Developed and tested on Linux AMD64 (`x86_64`).
Dependencies:
- linux-vdso.so.1 (0x00007ffc13f9d000)
- libreadline.so.8 => /lib/x86_64-linux-gnu/libreadline.so.8 (0x00007f90411ee000)
- libc.so.6 => /lib/x86_64-linux-gnu/libc.so.6 (0x00007f9040fc5000)
- libtinfo.so.6 => /lib/x86_64-linux-gnu/libtinfo.so.6 (0x00007f9040f93000)
- /lib64/ld-linux-x86-64.so.2 (0x00007f904125a000)
## IMPLEMENTATION
### High Level Overview
Minishell program can be divided into 6 steps
1) Initialise the main struct (`msdata`)
2) Get the input from user
3) Tokenise and parse user input
4) Handle heredocs
5) Execute commands
6) Free heap allocated resources and go back to step 2
Since step 6 returns to step 2, Minishell runs in an infinite loop. The only way to stop the program is by inputting an `EOF` (`Ctrl+D` from keyboard) or by using the builtin fuction `exit` (more about how exit works in the section [Builtins](#builtins)).
### Initialisation
The first step is to setup the main struct of the program in which the program runs.
The `init_shell` function takes care of this, by making a copy of the current environment, in this process if there's no environment Minishell automatically creates 3 variables and adds them into the environment. These variables are:
- `PWD` (set to the current working directory)
- `OLDPWD` (set to `NULL`)
- `PATH` (set to `/usr/local/bin:/usr/bin:/bin`)
- used to search for critical executables
Bash actually handles this slightly differently. If you check `export` or `env` after running bash with `env -i bash` you will see that there is in fact no `PATH` set. Bash handles this with a local variable, not visible to the user which is only unset when a user explicity inputs `unset PATH`. But for our purposes, setting the default `PATH` is sufficient and acheives the same functionality.
After copying the shell environment, the last step is to set up the `SHLVL` variable (See [Shell Level Variable](#shell-level-variable))
Before getting user input, a check is performed in order to determine whether the input will arrive from a terminal (TTY (teletypewriter)) (in which case the shell is said to be in interactive mode) or from a different file descriptor. To do this we use the function `isatty(int fd)`, which takes only one parameter: the file descriptor of the file for which we want to determine if it is a terminal.
By calling `isatty(STDIN_FILENO)`, we decide how to handle user input.
### Getting Input from the User
- If FD is not a terminal
The function `get_next_line` is called to process the file 1 line at the time, when the `EOF` is encountered, `get_next_line` returns 0 and the loop stops. Minishell stops processing the input and exits with the exit code equal to the exit code of the last process run (see [Exit code](#exit-code)).
- If FD is a terminal
The function `readline` is called to get the input from the user, the program runs in a `while(true)` loop and stops only when the user send an `EOF` (`Ctrl+D`) or types exit as input.
It is important to remember that both `get_next_line` and `readline` return the input without the newline (`\n`). character.

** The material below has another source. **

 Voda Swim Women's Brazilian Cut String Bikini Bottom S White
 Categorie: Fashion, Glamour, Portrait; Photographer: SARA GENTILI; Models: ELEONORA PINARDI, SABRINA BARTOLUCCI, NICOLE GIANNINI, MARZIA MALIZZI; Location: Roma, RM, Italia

For the rest of the description we assume that Minishell is running in interactive mode, but most information still applies to the case where we are reading from a file.
After having received the user input, the function `process_user_input` is called and we can tokenise.
### Handling Input
The first thing consider is checking what input the user has given us, there are 3 possible cases:
a) input == NULL
This means that the user inputted the EOF character, we call `exit_the_shell` function which clears all the heap allocated resources, and exits with `msdata->last_exit` value.
b) input[0] == 0
This means that the user only inputted a `\n` character as input (remember that `readline` removes the last `\n` character). In this case, there's no input to process, we can display the prompt again and wait for more input from the user.
(We also check if the user has typed only spaces. In this case we also don't process anything and just display the prompt again.)
c) input contains at least one character that is not a space (thank you user!)
We can call the function `add_history` (see [Readline](#readline)) to make sure that the input is added to Minishell's history.
### Tokenisation/Lexing
The first part of handling user input is splitting the input into tokens, a process also referred to as tokenisation. In this process we make sure that every part of the input is accurately divide and correctly labelled.
Keep in mind that some tokens may have to be joined after being split (what?!), for example if you type `l""s` or `"l"s` on bash it will run the command ls. This may or may not be important based on how you choose to tokenise, but for sure is one of those things that you'd prefer to know about before starting the project.
The use of a finite state machine is the optimal method for tokenising a string for shell input. This means only one state of the machine can be active at any one time. This is to say, when you scan a string, as you encounter quotation marks or metacharacters, the state of the machine changes and the appropriate token label also changes.
[medium.com: FSM](https://medium.com/@mlbors/what-is-a-finite-state-machine-6d8dec727e2c#:~:text=A%20Finite%20State%20Machine%2C%20or,artificial%20intelligence%2C%20games%20or%20linguistics.)
#### Double Quotes
Allow for variable expansion and command substitution but prevent word splitting and interpretation of special characters (except `$`, and `\`). We only need to worry about `$` (an env variable) in Minishell.
Without a space before the quotes, the shell interprets the word before and after the quotes as one token.
E.g. `echo abc"def"` outputs `abcdef`, any spaces inside the quotes would also be preserved.
`set -- abc"def"; echo $#` outputs `1`
`set -- abc "def"; echo $#` outputs `2`
`set --` reassigns positional parameters `$1 $2` etc. to each token.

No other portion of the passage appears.